The next time you are trolling Craigslist, searching Ebay, or following your favorite Facebook page you will probably notice the words vintage, antique and retro. Although these labels are applied quite liberally by sellers, just what makes something vintage or antique or retro?


Vintage, it’s a word that has exploded in recent times. Originally, the word was used in relation to fine wine and the year it was produced. However these days, the word has attached itself to a vast assortment of things – clothing, hairstyles, housewares, furniture, you name it. You may find yourself wondering what qualifies something as vintage. There are definitely differing opinions on this, but the common threshold to consider something vintage is it must be at least 20 years old. Sticklers will tell you that vintage must also be used in conjunction with a specific year or decade. For example, vintage 1950’s couch, rather than just vintage couch.

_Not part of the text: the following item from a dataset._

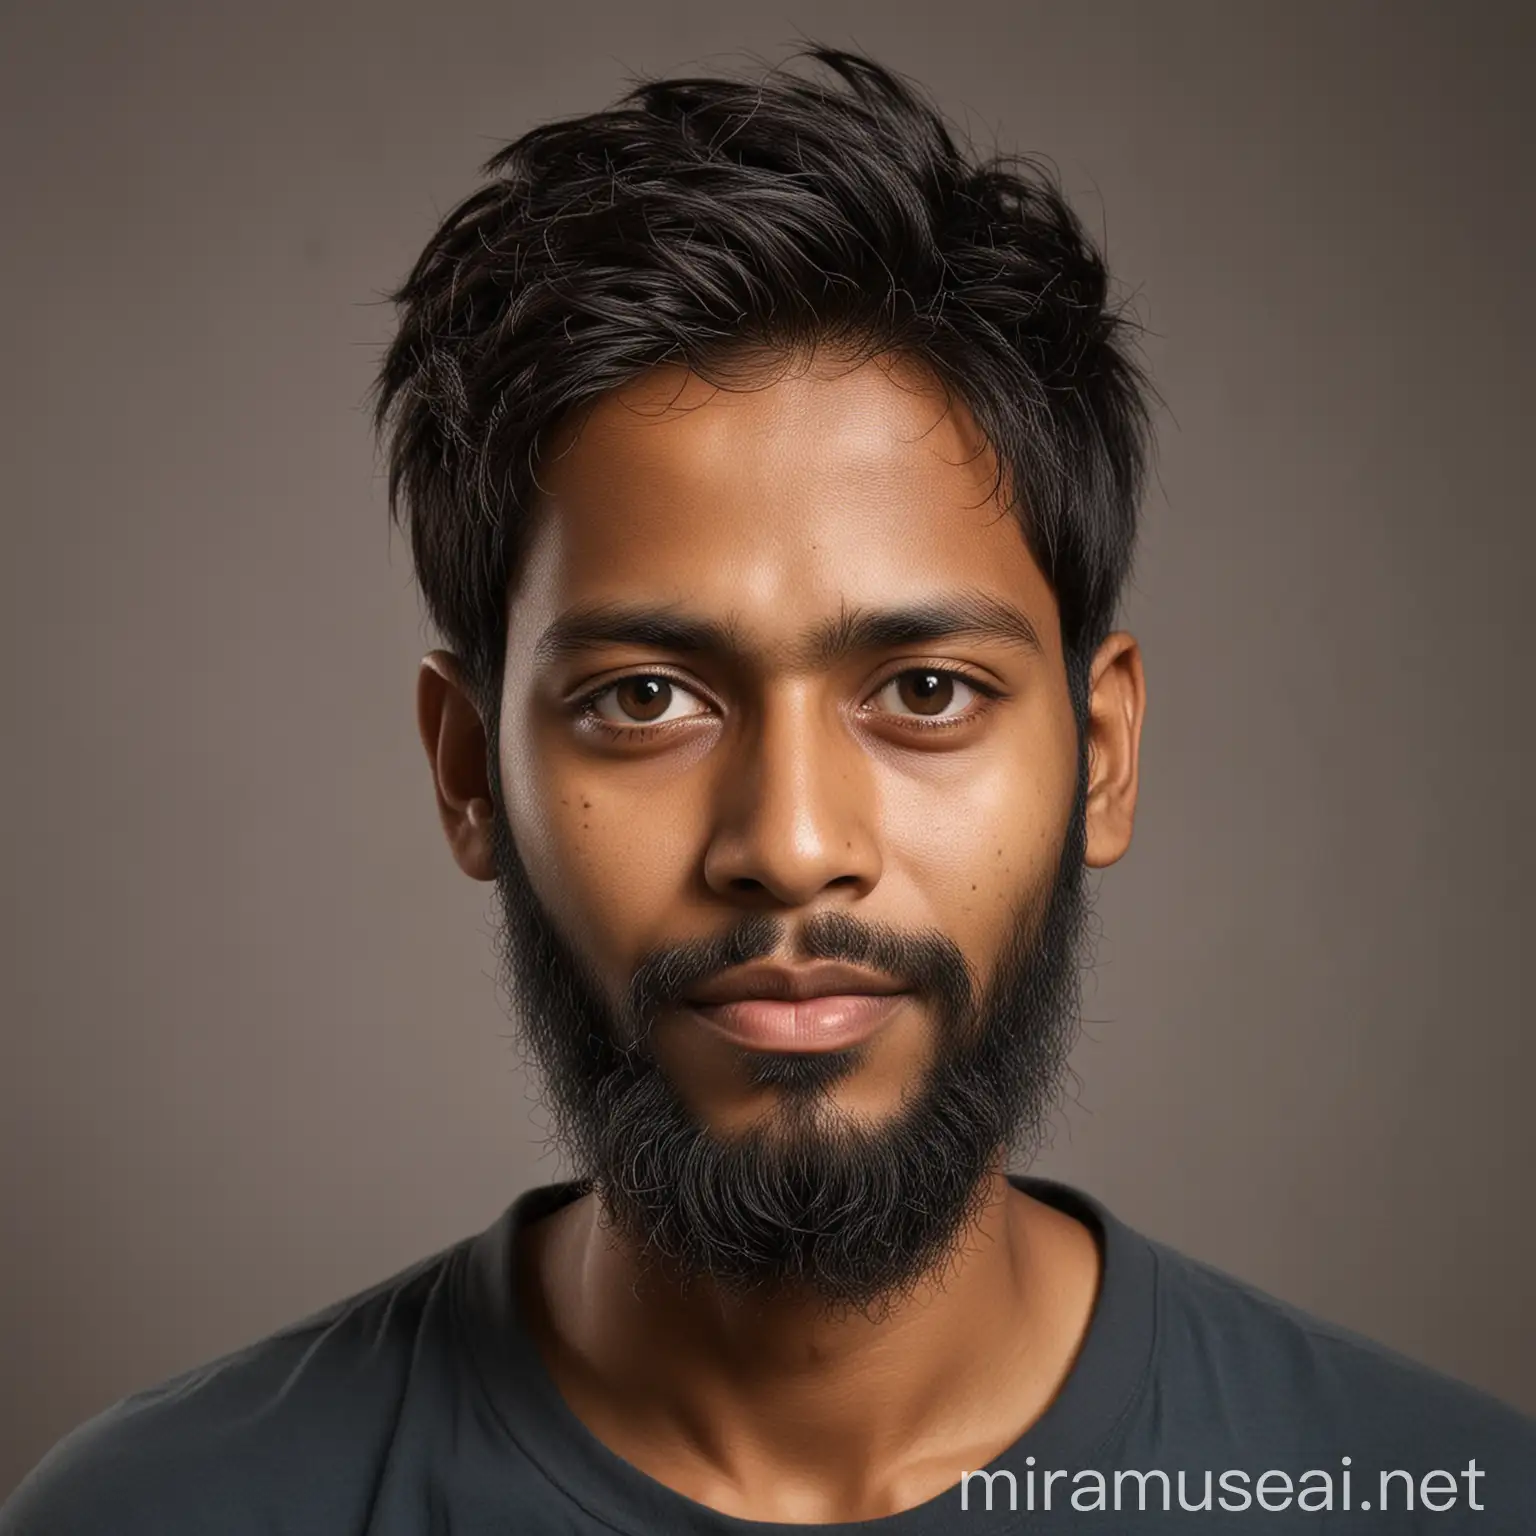 Bangladeshi SelfEmployed Man with Fair Complexion and Beard

While I don’t necessarily argue with that interpretation, 20 years ago takes us back only to 1994; not really what comes to mind for me when I am on the hunt for vintage treasures. A piece that was purchased in 1994 at T.J. Maxx doesn’t really drum up a whole lot of nostalgia for me, but I wondered if perhaps my opinion was skewed by my own age? I took this topic up with the Zinnias staff, and we agreed that the difficult thing about considering the 90’s as vintage, is that although there are certainly differences, there has not been a significant aesthetic shift in the past 20 years. If you compare the 30’s to the 50’s, or the 50’s to the 70’s you can definitely see the differences in a much more pronounced way. So, while I accept the 1990?s can technically be categorized as vintage, it’s not currently on my personal shopping list!

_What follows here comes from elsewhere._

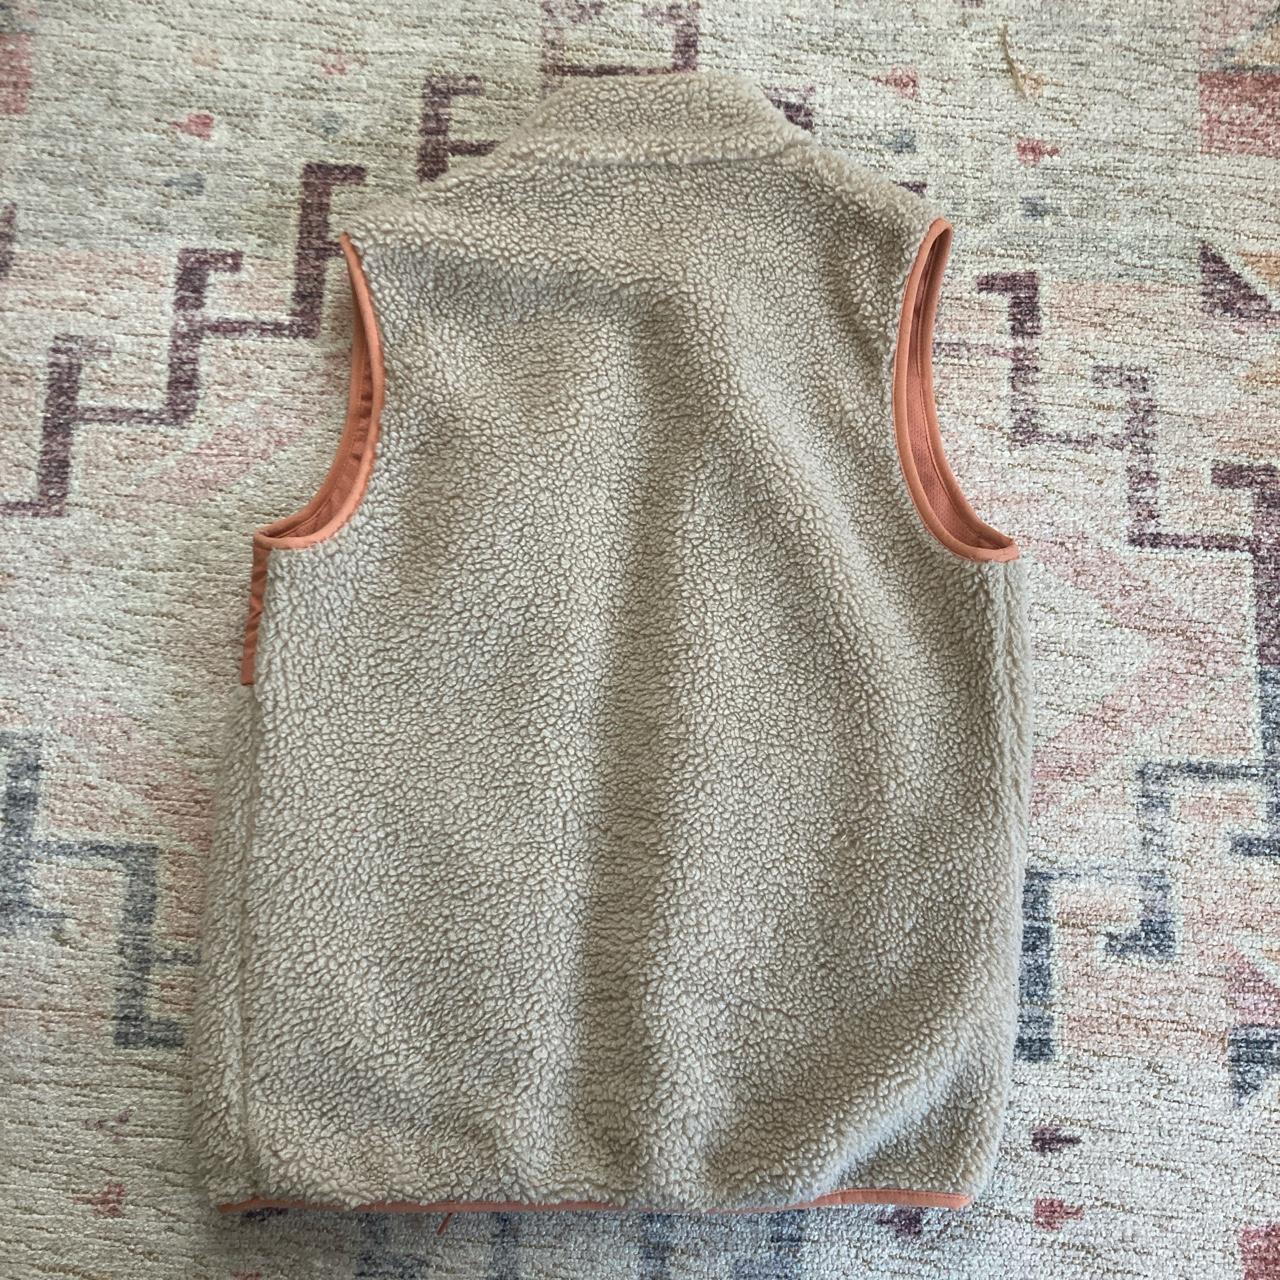 Product Image 4 - Madewell X Penfield fleece vest

Peach

Another point of frequent confusion is the use of the term antique. I often see the words antique and vintage used interchangeably, however this is not the case. To be considered an antique, a piece should be at least 100 years old. According to Michael Flanigan, from PBS?s Antique Roadshow, this definition originated from the U.S. Customs office back in the 1930’s. At that time, as well as now, true antiques were considered artwork and came into the country duty free. In an attempt to avoid paying duty on items, people began calling just about anything that wasn’t new an antique. In need of a guidepost, the Customs Office decided that antiques were objects that pre-dated the mass production of objects in the 1830’s, which was 100 years prior. They declared that antiques were items made at least 100 years ago. The 100 year rule of thumb has endured, and although some opinions differ, is generally accepted throughout the industry.

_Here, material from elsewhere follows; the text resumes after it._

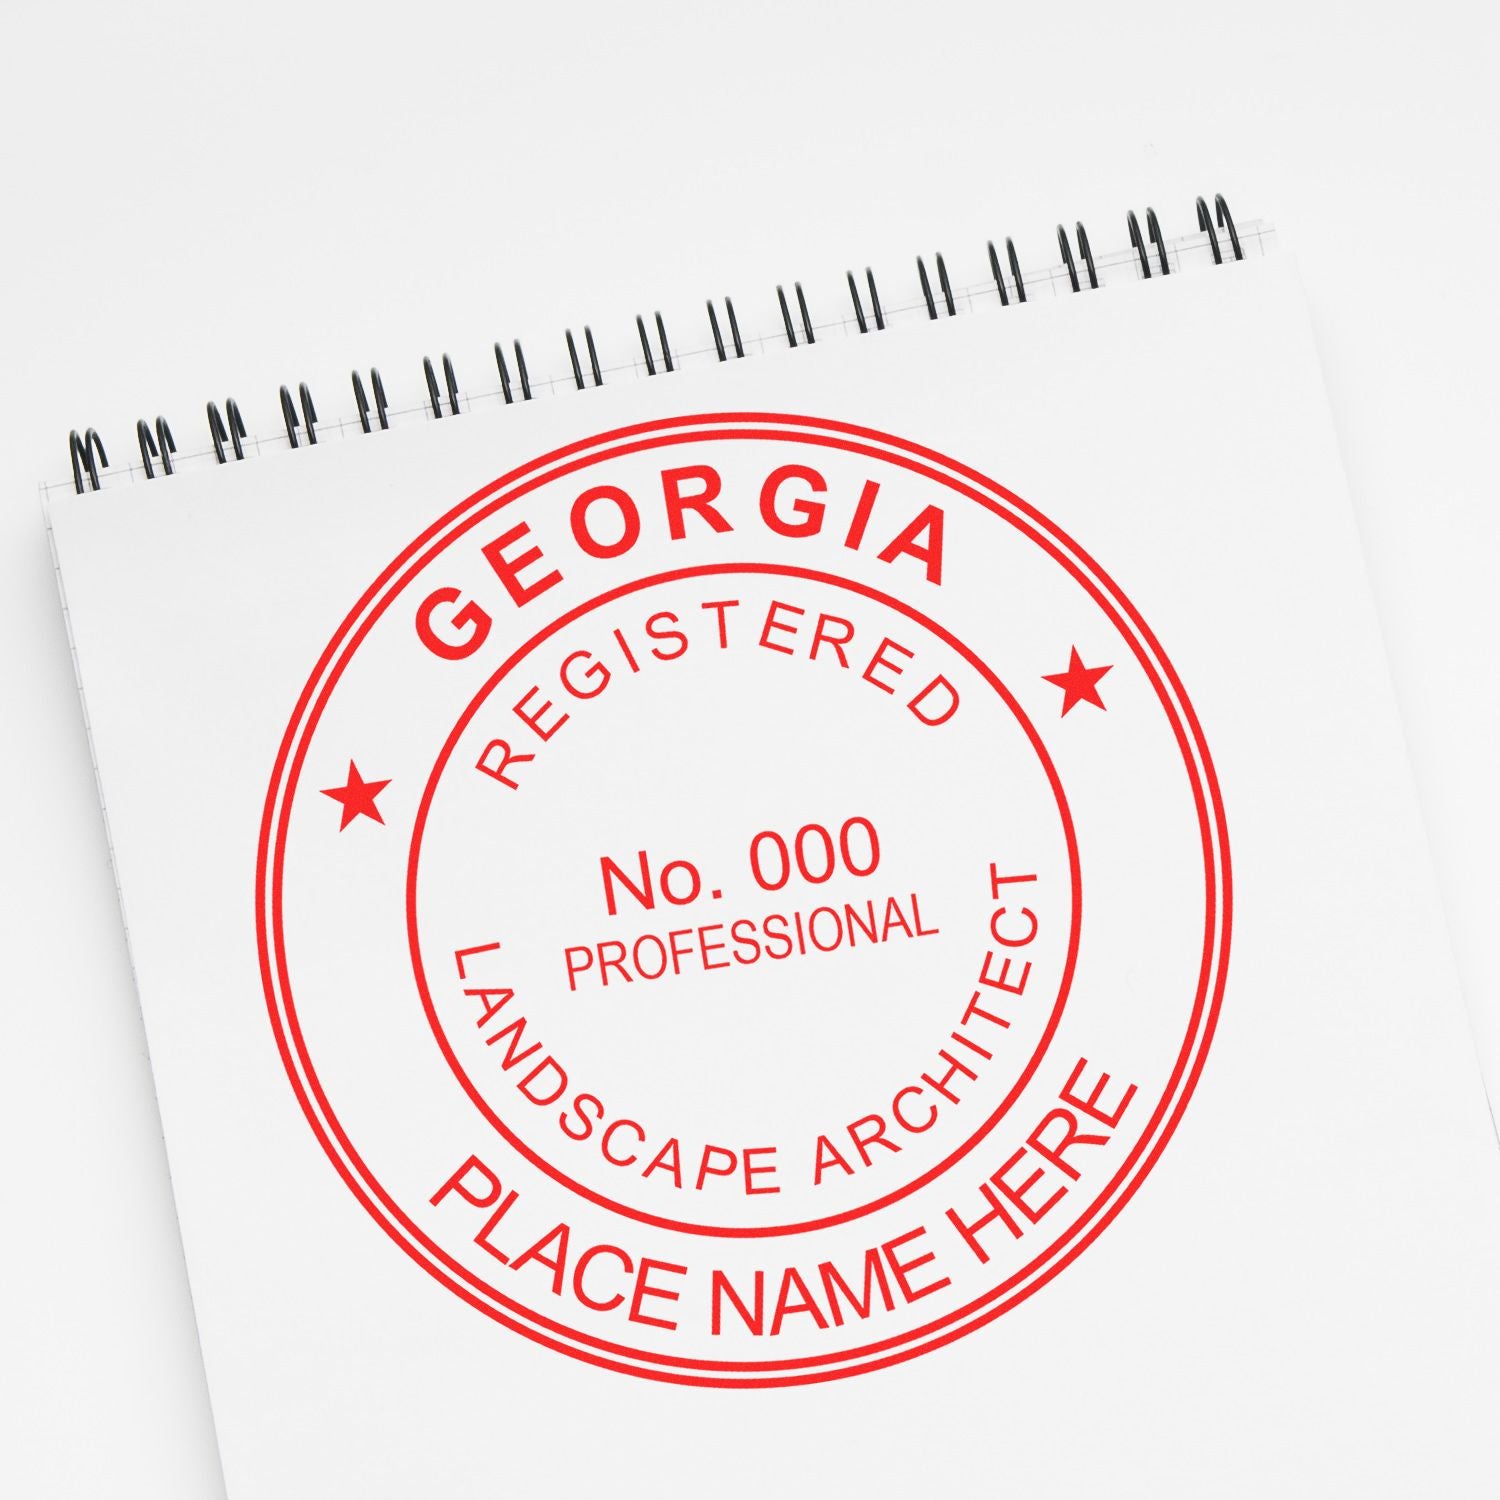 Georgia Landscape Architects: Secure Your Success with the Georgia Landscape Architect Seal Feature Image

Another term you may come across is retro. Retro comes from the word retrospective, and indicates something that relates to, or is reminiscent of past styles. Therefore, if a piece is actually from the 1950’s, it is not retro 1950’s, but true vintage 1950’s. With the rise of popularity of vintage styles, there are many retro pieces being designed today which recall or mimic the designs of the past. Although these vintage inspired pieces are one way to access the vintage look, they can potentially be cheaply made knock offs. Remember to shop smart – when you buy a piece that is truly old, you are not only connecting to the unique history of that piece, but often getting a product made with superior craftsmanship and materials.